His teams used the Moderna vaccine, which only requires freezing temperatures, not the very cold temperatures needed to preserve Pfizer / BioNtech vaccines. It takes an hour to thaw a 10-dose vial of Moderna, then the vaccine powder is mixed with saline and a six-hour clock starts.

Betts said nurses were traveling with a cooler and ice.

“Depending on how accurately you can get your mapping, you can literally thaw another vial as you go around,” he said. “Of course, then a six hour clock starts on that flask.”

Albemarle teams have successfully vaccinated between 1,000 and 1,500 people confined to their homes, Betts said.

Part of how they’ve been able to reach people who are housebound is by partnering with the Meals on Wheels program.

“We use our transit buses,” he said. “We can literally have a hot meal and someone’s shot.”

Having these regular visitors also helped overcome the logistics associated with a two-dose vaccine.

“Hopefully they are getting a meal on a regular basis and then we can just step in and get these people home for the second shot in 28 days,” Betts said.

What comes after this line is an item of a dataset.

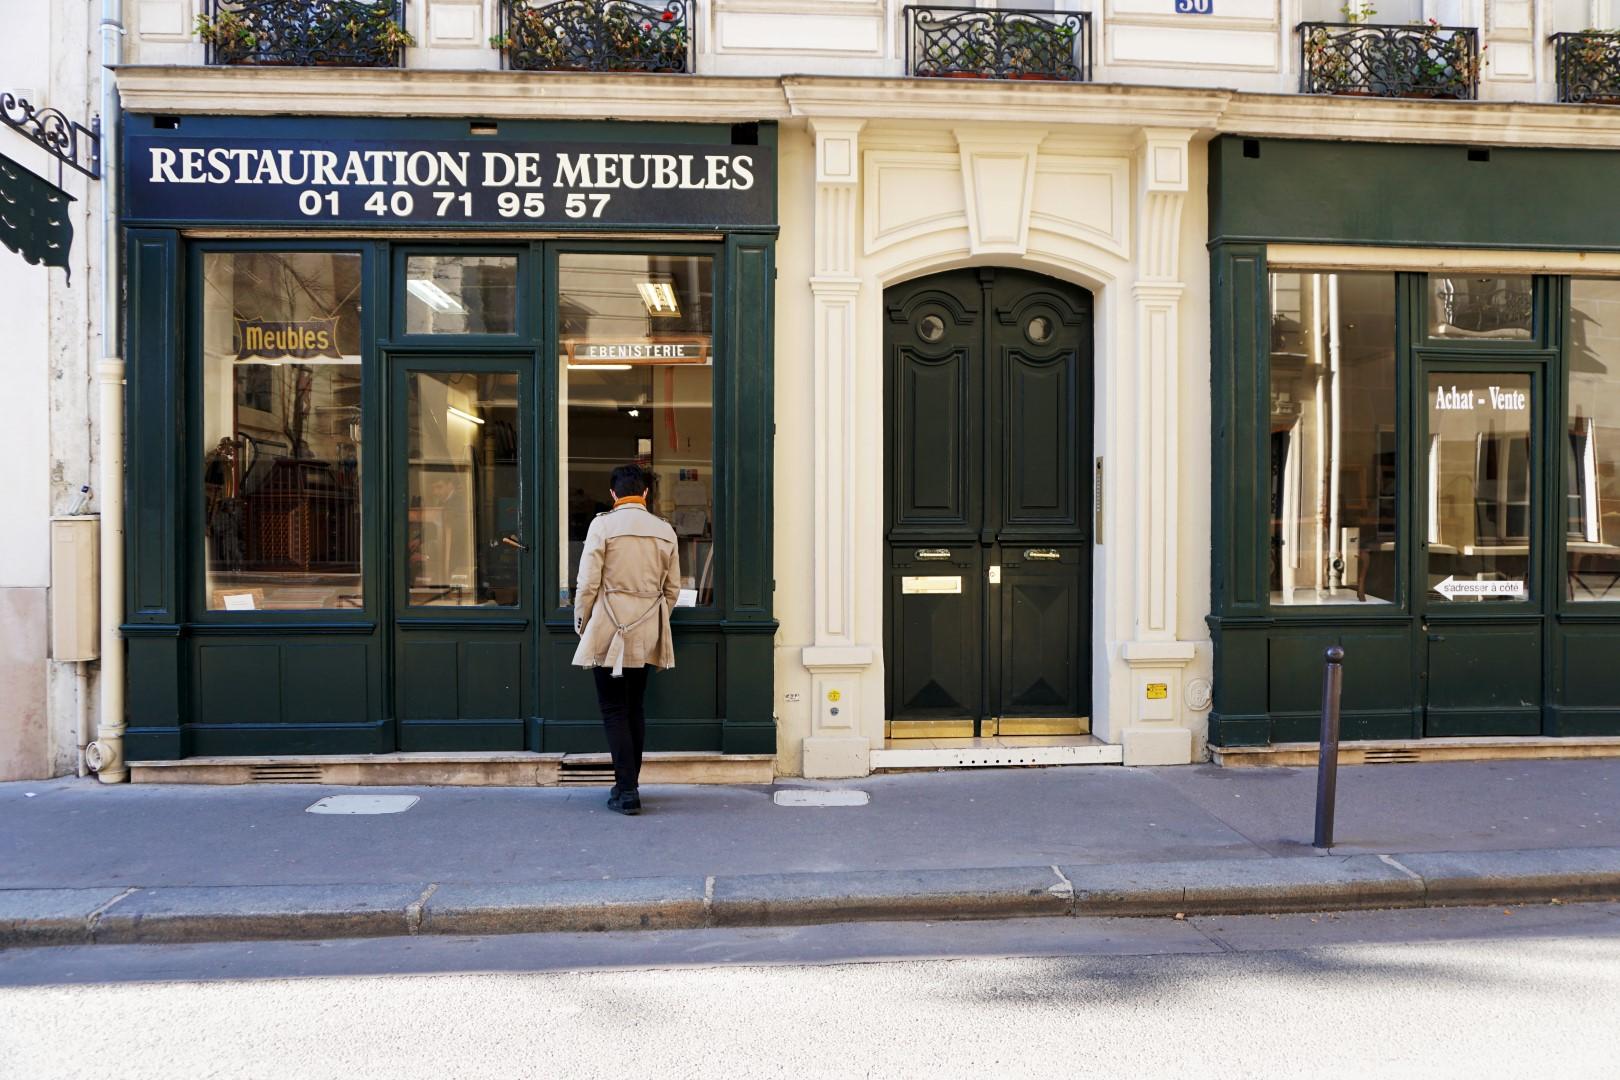 Balade dans le 16e, voies privées et art nouveau - Rue Boileau

More people, more logistics, more delays

In many parts of the state, however, vaccine vendors have waited for the rollout of the Johnson & Johnson single-injection vaccine to conduct a “one-time and complete” visit for homebound patients.

In Mecklenburg County, health ministry officials put a special request form on their county’s website for people needing a home visit.

In the first week after announcing the program on March 11, the health department’s medical director, Meg Sullivan, said she had received more than 300 requests.

“The team has looked at these requests and made plans to start administering vaccines probably from early to mid-April, depending on the supply of Johnson & Johnson vaccine we receive,” she said.

Wong, of the DHHS, said federal authorities are aware of the need to visit some of these remote places and hard-to-reach people. The department only recently added people with intellectual and developmental disabilities to the group 1 vaccine group, after pressure from advocates for people with disabilities.

“We made a few changes based on their feedback which was really valuable,” she said. “For example, recently by adding to group one people receiving long-term care for more than 30 days, including home and community services for people with I / DD, private nursing, services personal care, home care and palliative care. ”

She said the state had requested help from the federal program to partner with pharmacies and the federal vaccine allocation program for community health centers.

“What we are hearing from them is that they are really going to encourage the creation of more mobile units within these programs, which should hopefully also be in a good position to vaccinate those confined to the hospital. home, ”Wong said.

She said those efforts will accelerate as more Johnson & Johnson vaccines are marketed in the states.